Accurate multi-view 3D object detection is essential for applications such as autonomous driving. Researchers have consistently aimed to leverage LiDAR's precise spatial information to enhance camera-based detectors through methods like depth supervision and bird-eye-view (BEV) feature distillation. However, existing approaches often face challenges due to the inherent differences between LiDAR and camera data representations. In this paper, we introduce the TiGDistill-BEV, a novel approach that effectively bridges this gap by leveraging the strengths of both sensors. Our method distills knowledge from diverse modalities(e.g., LiDAR) as the teacher model to a camera-based student detector, utilizing the Target Inner-Geometry learning scheme to enhance camera-based BEV detectors through both depth and BEV features by leveraging diverse modalities. Specially, we propose two key modules: an inner-depth supervision module to learn the low-level relative depth relations within objects which equips detectors with a deeper understanding of object-level spatial structures, and an inner-feature BEV distillation module to transfer high-level semantics of different key points within foreground targets. To further alleviate the domain gap, we incorporate both inter-channel and inter-keypoint distillation to model feature similarity. Extensive experiments on the nuScenes benchmark demonstrate that TiGDistill-BEV significantly boosts camera-based only detectors achieving a state-of-the-art with 62.8% NDS and surpassing previous methods by a significant margin. The codes is available at: https://github.com/Public-BOTs/TiGDistill-BEV.git.
Paper Structure (43 sections, 10 equations, 8 figures, 13 tables)

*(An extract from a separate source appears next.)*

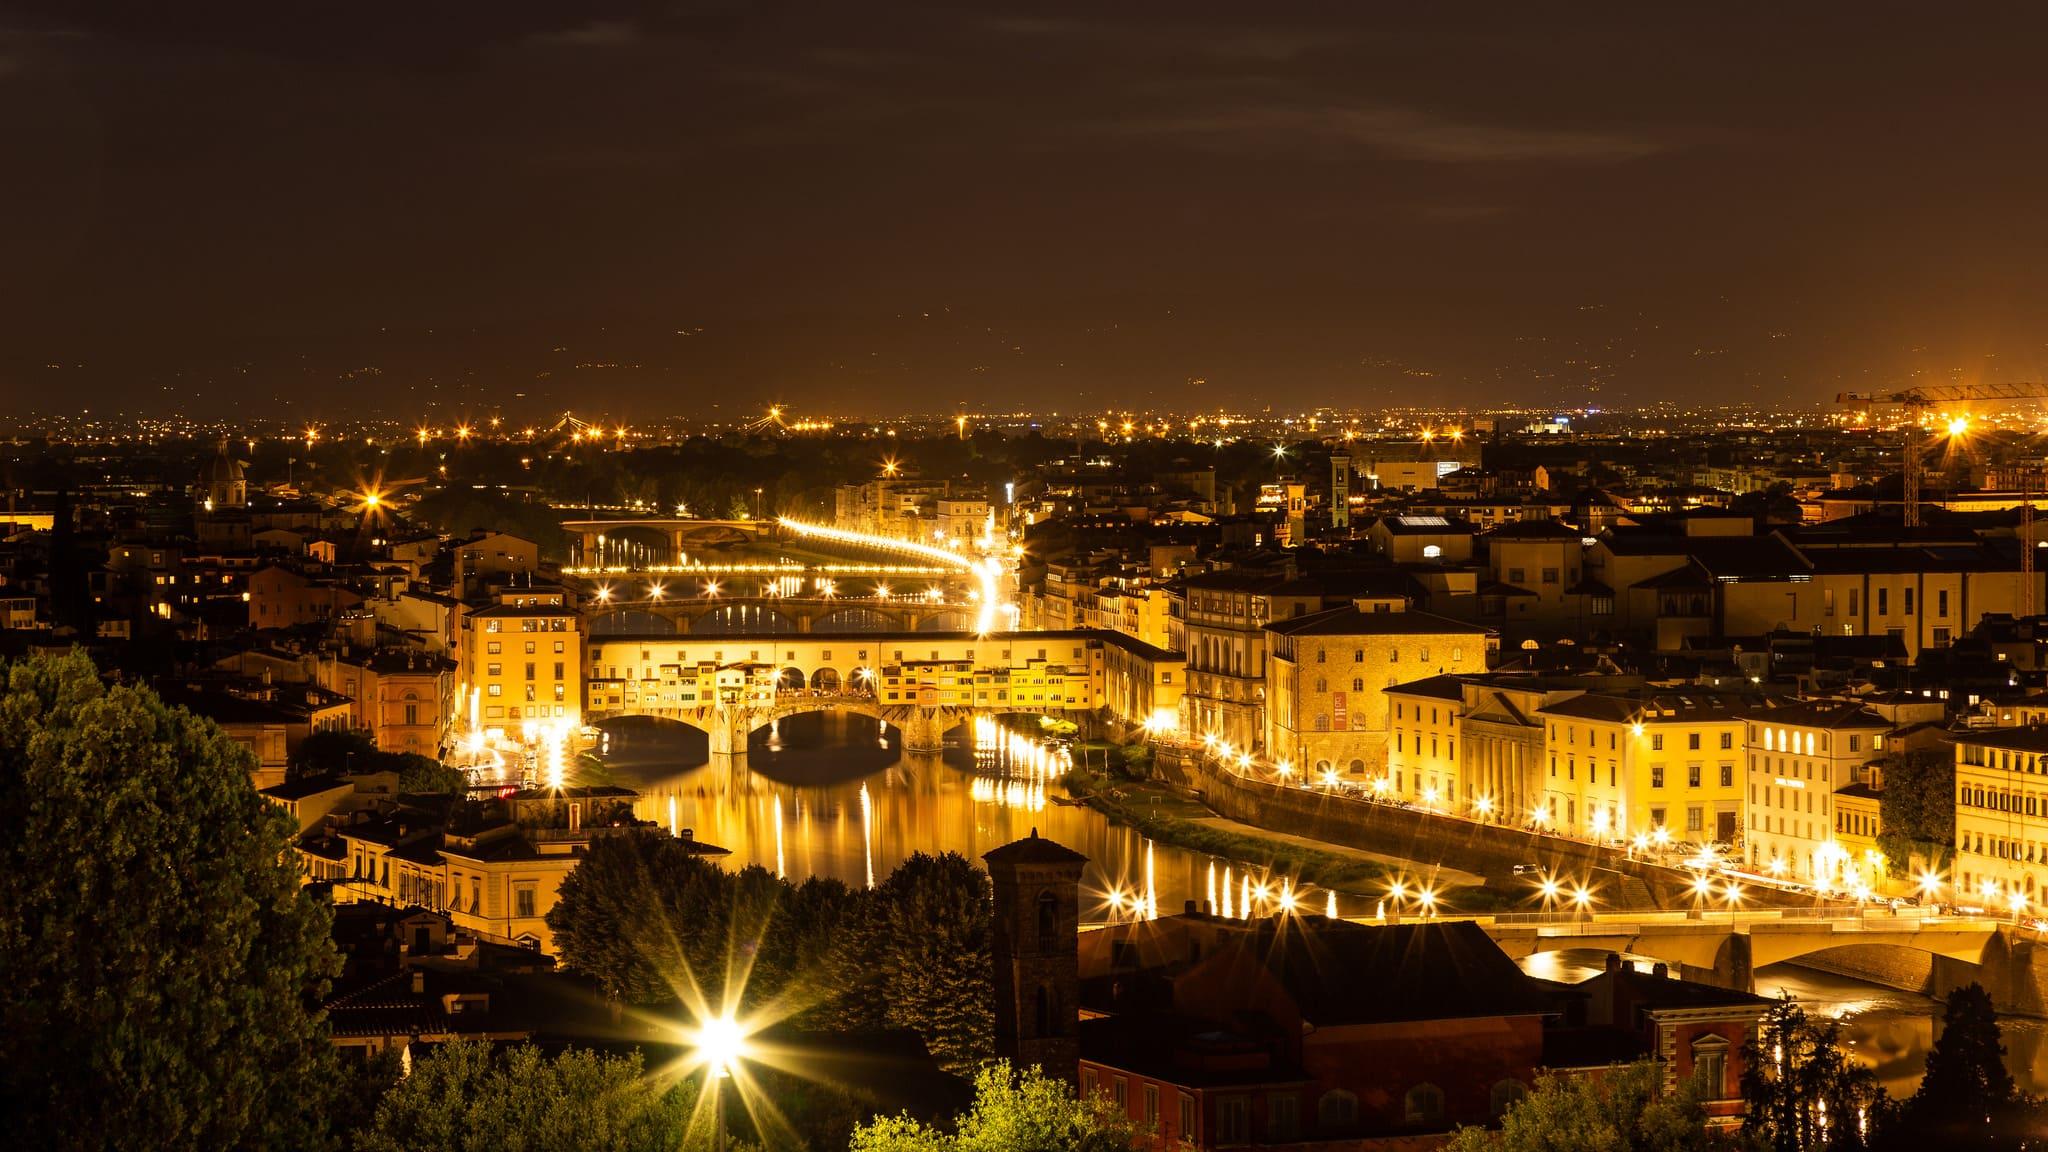 Firenze 31 Dicembre
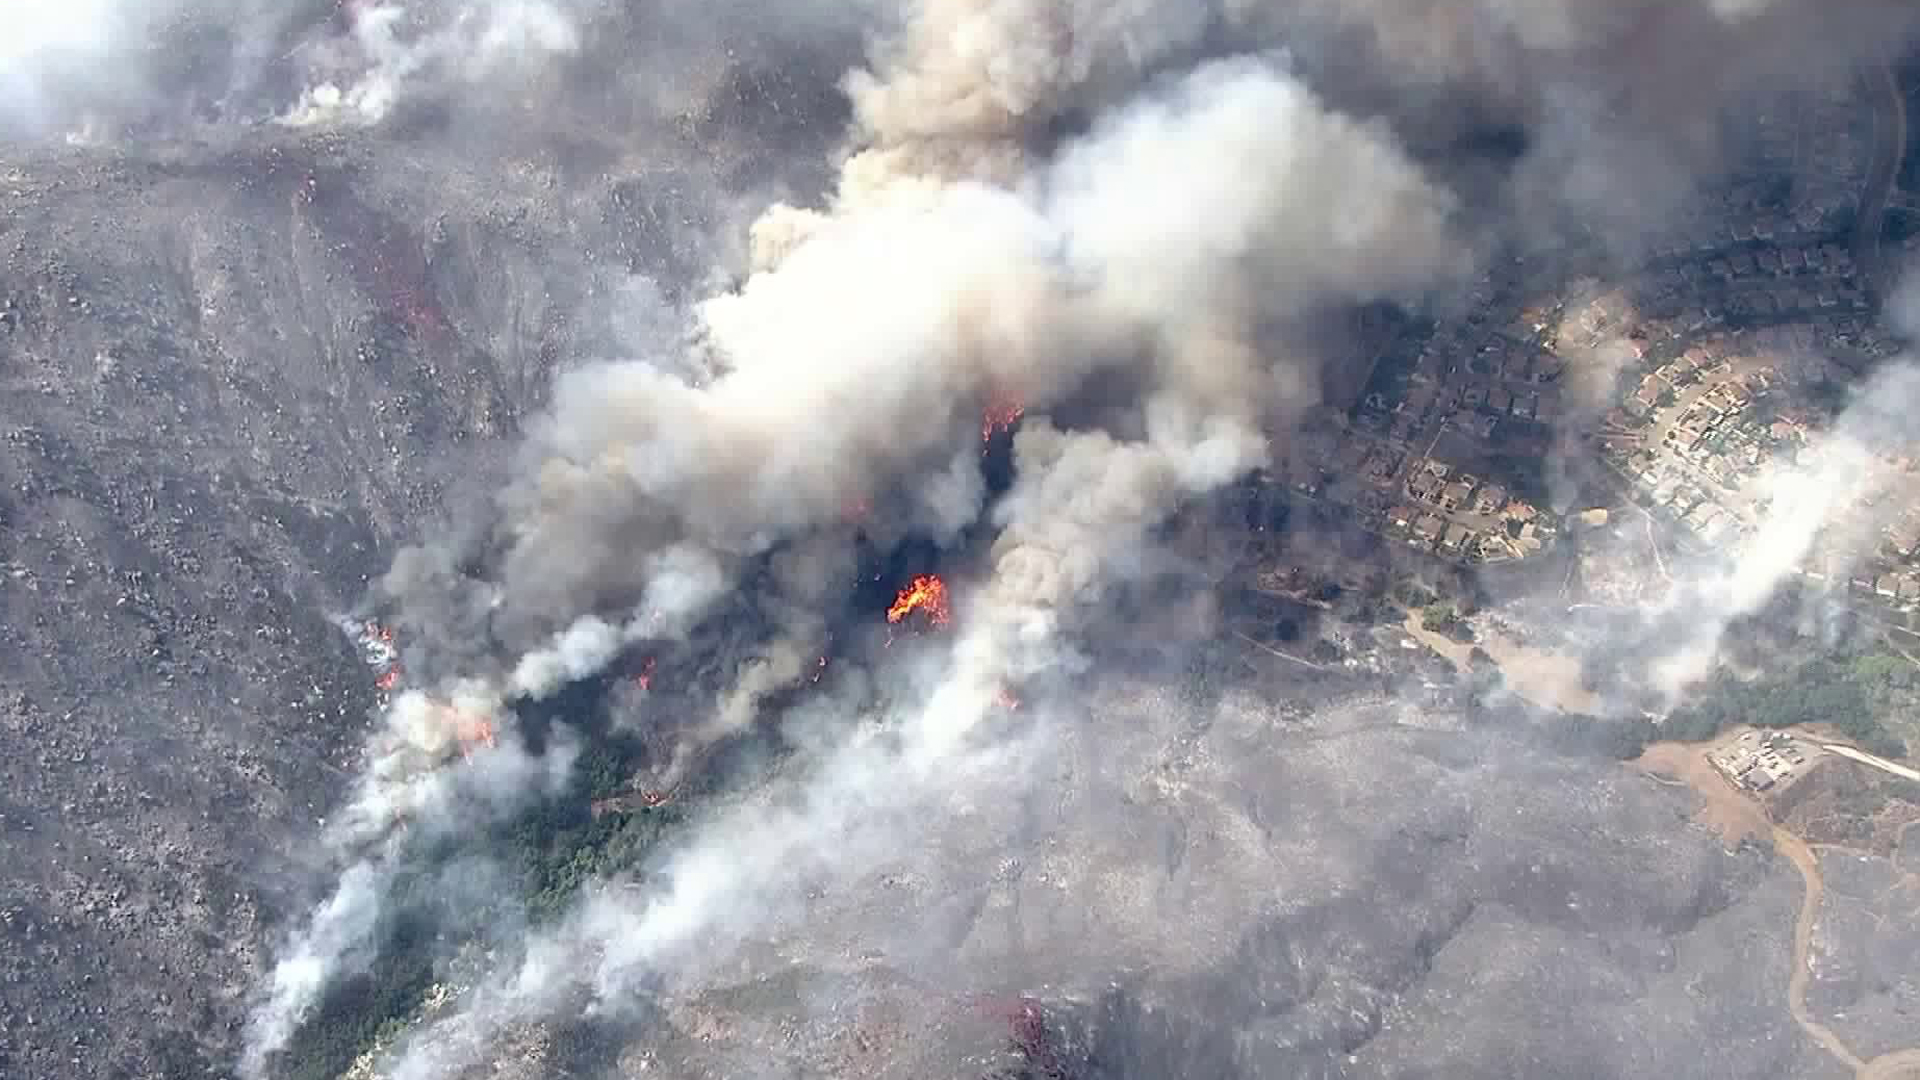 The Tenaja Fire burns dangerously close to homes in the Murrieta area on Sept. 5, 2019. (Credit: KTLA)

This paper contains 43 sections, 10 equations, 8 figures, 13 tables.

Figures (8)

  • Figure 1: Different LiDAR-to-Camera Learning Schemes: (a) Dense Depth Supervision, which directly supervises the categorial depth distribution of every valid pixel in the whole depth map, (b) BEV Feature Distillation, which constrainedly aligns the value of BEV feature between different modalities, (c) Our Target Inner-Geometry Learning, which utilizes both the low-level inner-depth relations and the high-level inner-feature semantics of foreground targets.
  • Figure 2: Inner-depth Supervision. We guide the camera-based detector to learn the relative spatial structures within the target foreground areas. A depth reference point (dotted in yellow) is adaptively selected to calculate relative depth.
  • Figure 3: Inner-feature BEV Distillation. We conduct inter-channel and inter-keypoint feature distillation in BEV space for the camera-based detector, which alleviates the cross-modal semantic gap and boosts inner-geometry learning.
  • Figure 4: Overall Framework of TiGDistill-BEV, which contains a pre-trained teacher model, a camera-based detector as student, and a target inner-geometry scheme for cross-modal learning. Our proposed learning paradigm bridges the modalities gap by transferring the inner-geometry semantics from the teacher modality via two components, an inner-depth supervision for foreground relative depth, and an inner-feature BEV distillation from both channel-wise and keypoint-wise.
  • Figure 5: Comparison Categorical Absolute Depth and Continuous Inner Depth. Employing the inner-depth supervision with continuous depth values to guide camera-based student to learn local spatial structures of foreground object targets.